| Information supplied |
----------

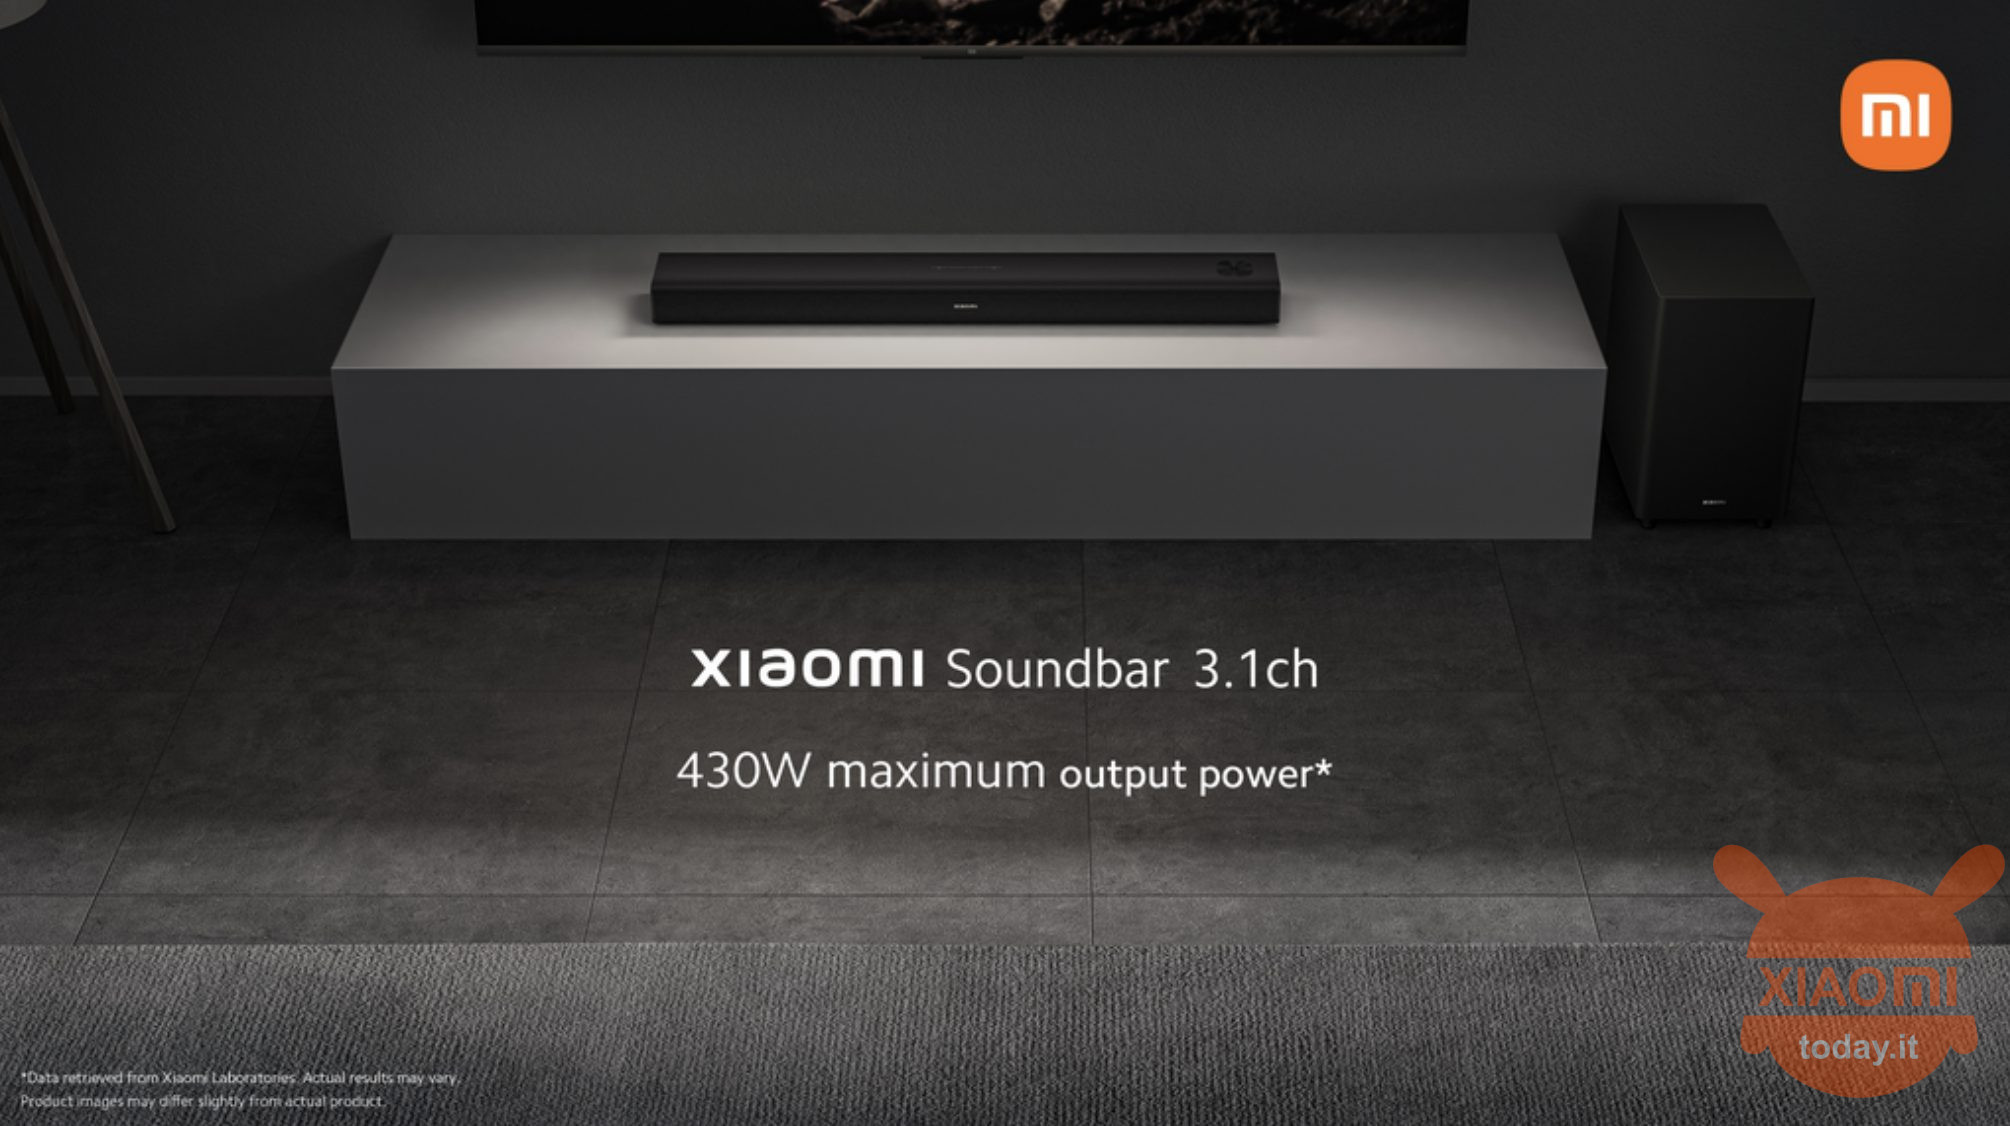 xiaomi soundbar 3.1ch ufficiale: specifiche e uscita della prima soundbar di xiaomi sul mercato global
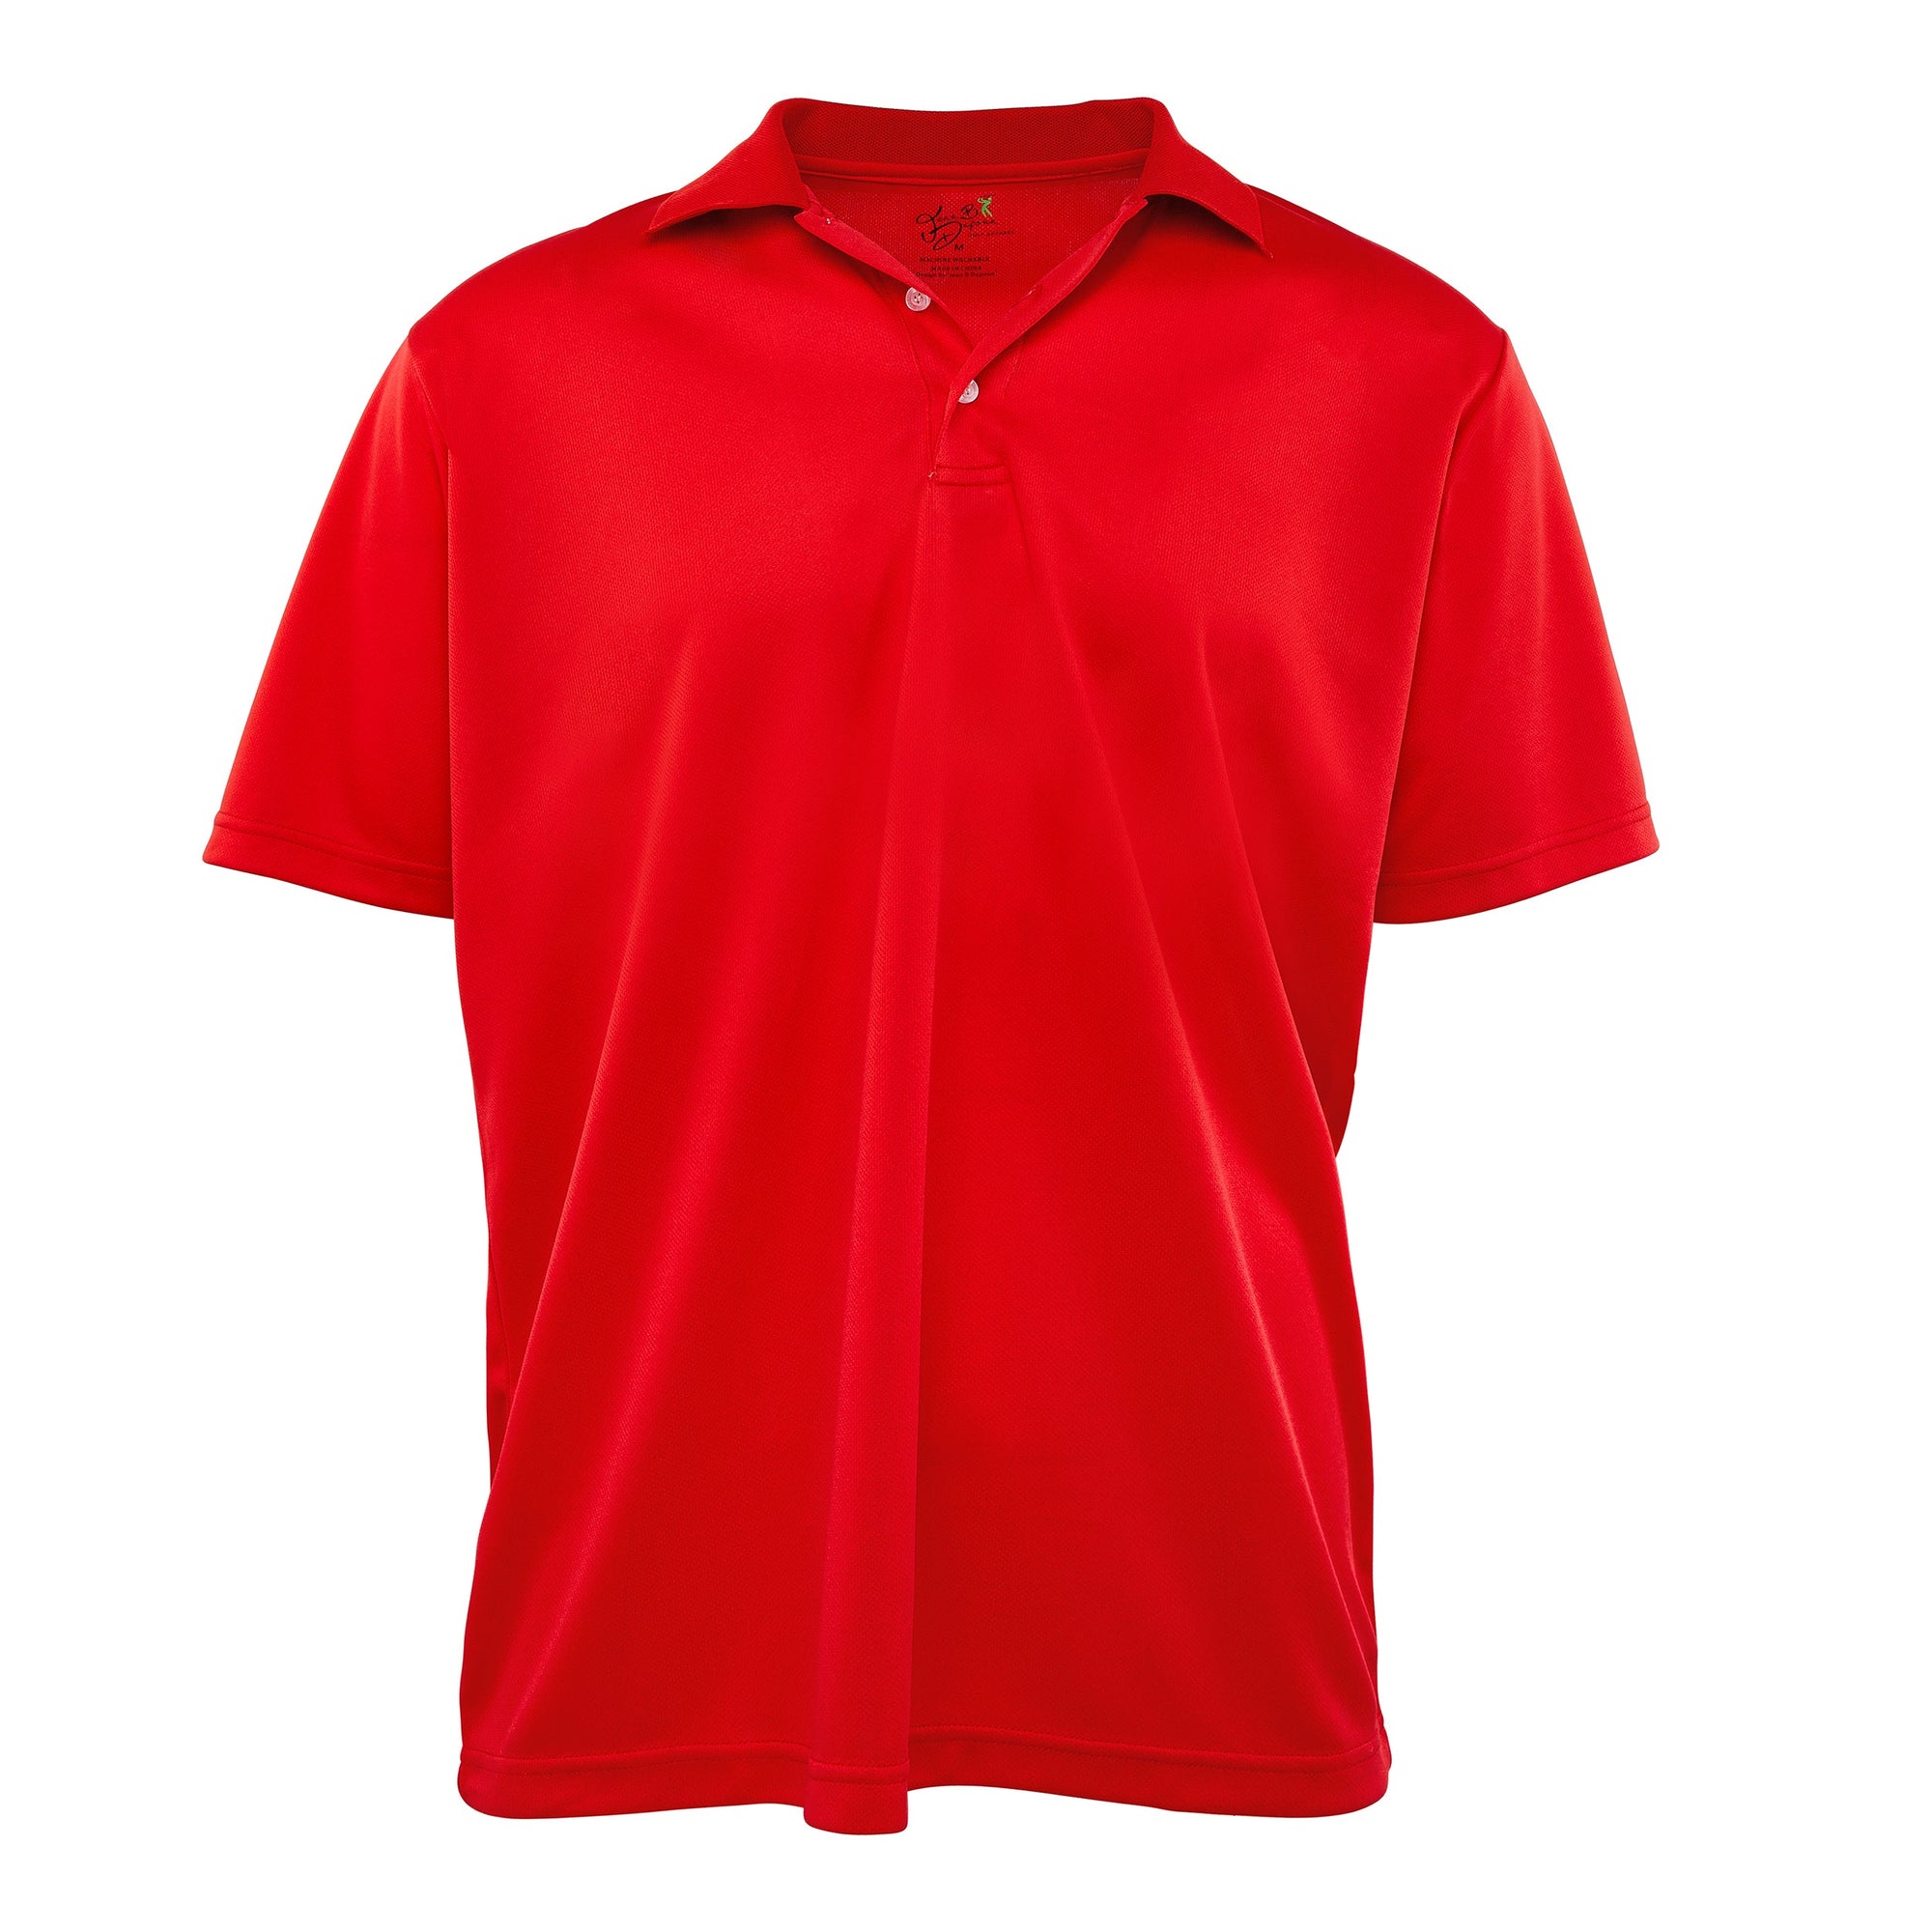 golf dri fit shirts
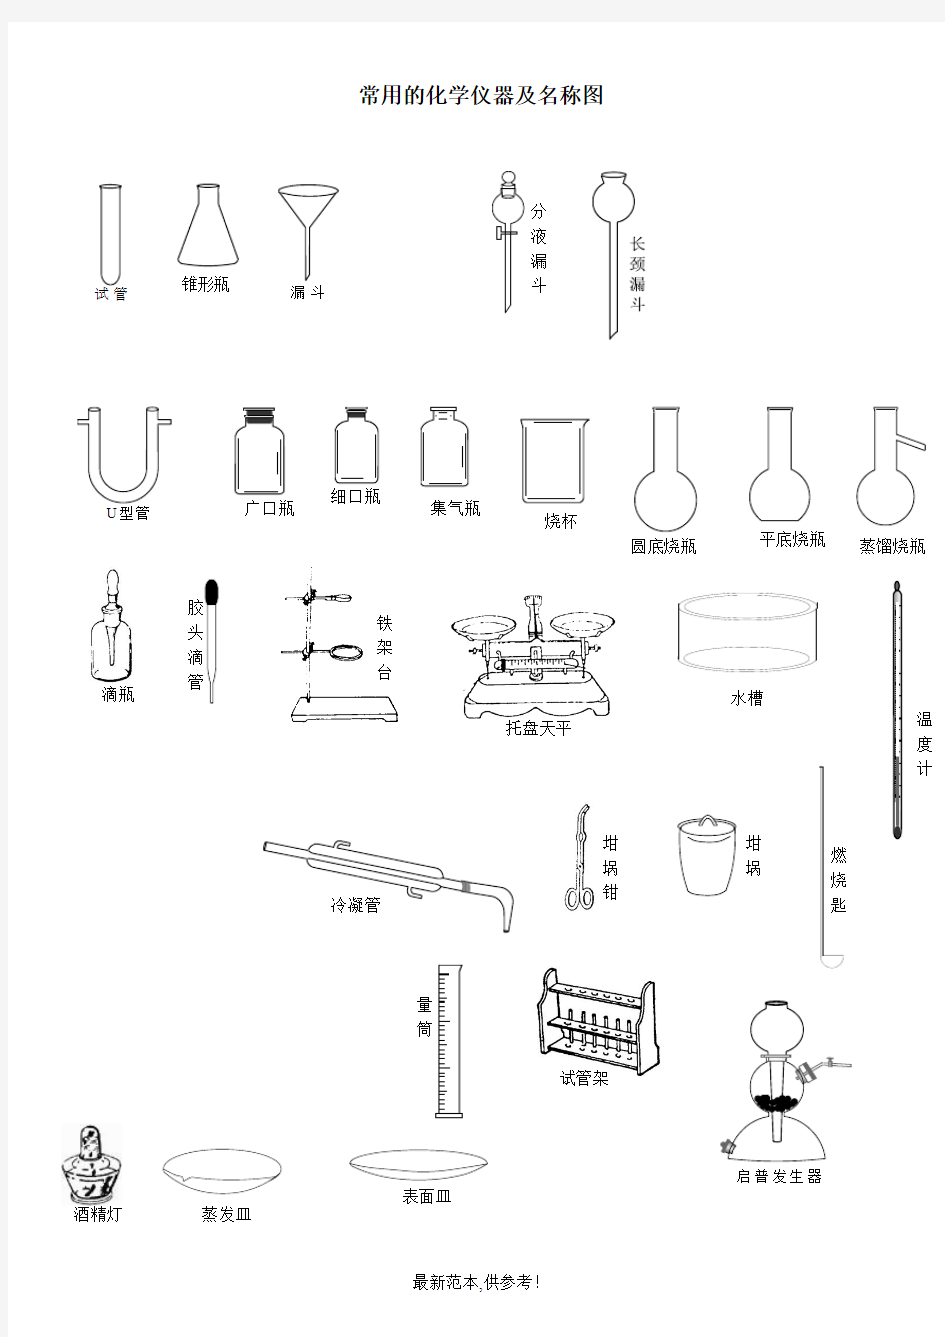 常用的化学仪器及名称图(整理)最新版本
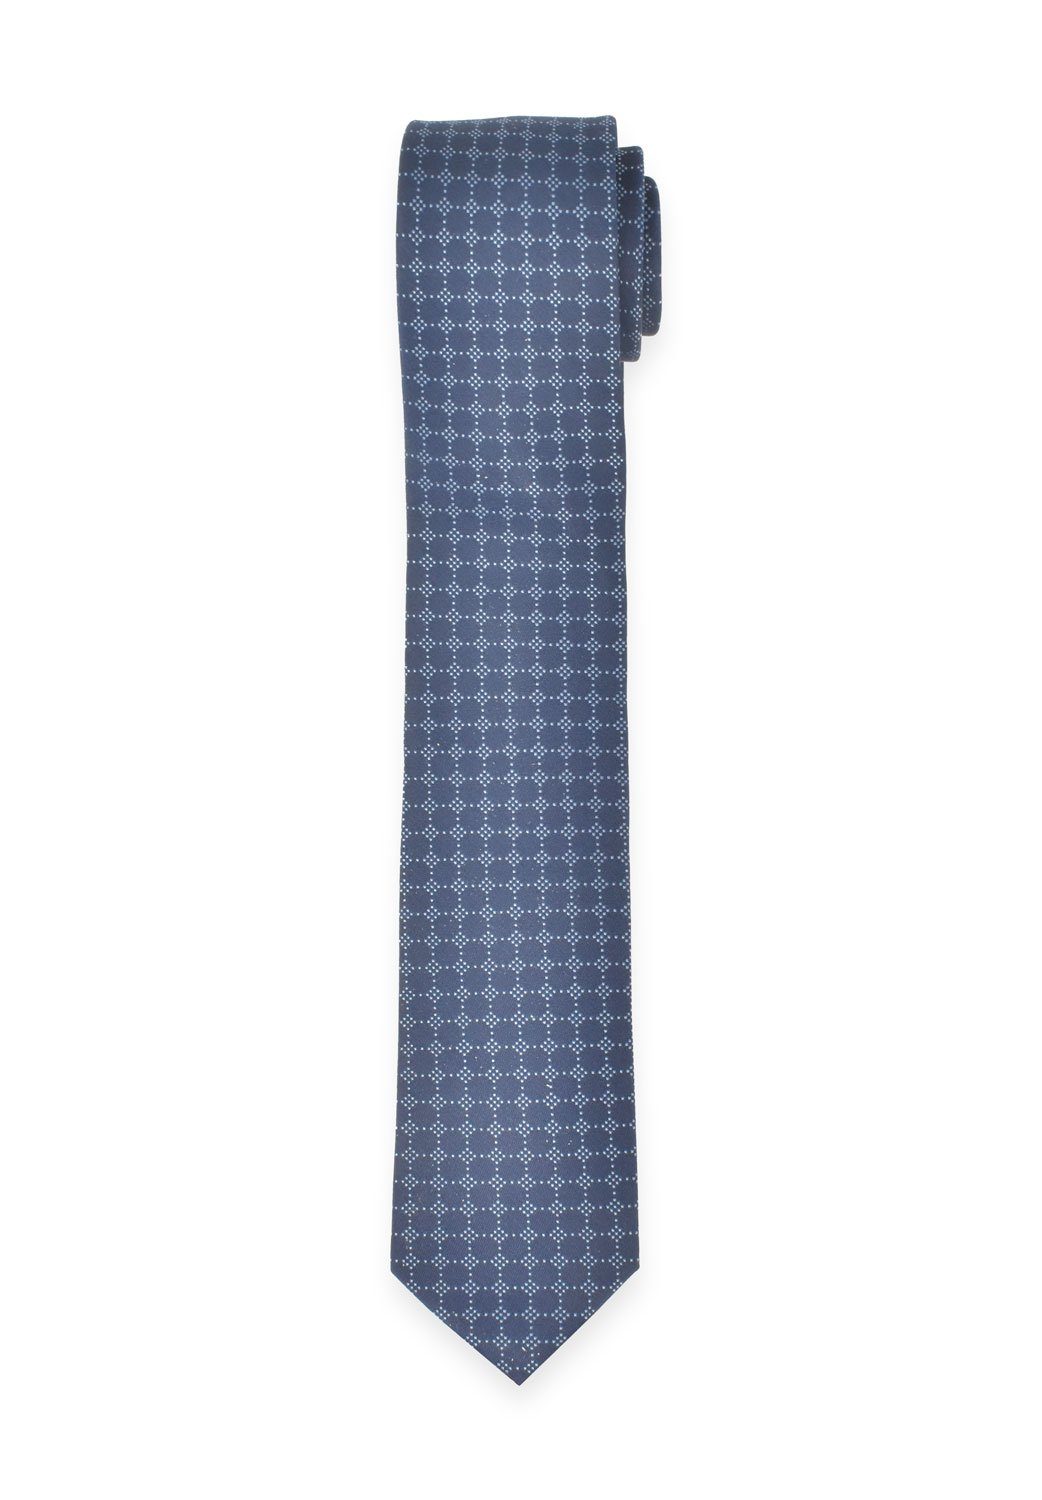 MARVELIS Krawatte Krawatte - Punkte - Hellblau/Dunkelblau - 6,5 cm

----------

| Exercise prompt |
Please copy exactly the lines from the one that contains "golf dri fit shirts" through the last line of the listing above, leaving out the pictures.

| Finished exercise |
 golf dri fit shirts
 常用的化学仪器及名称图(整理)最新版本
 MARVELIS Krawatte Krawatte - Punkte - Hellblau/Dunkelblau - 6,5 cm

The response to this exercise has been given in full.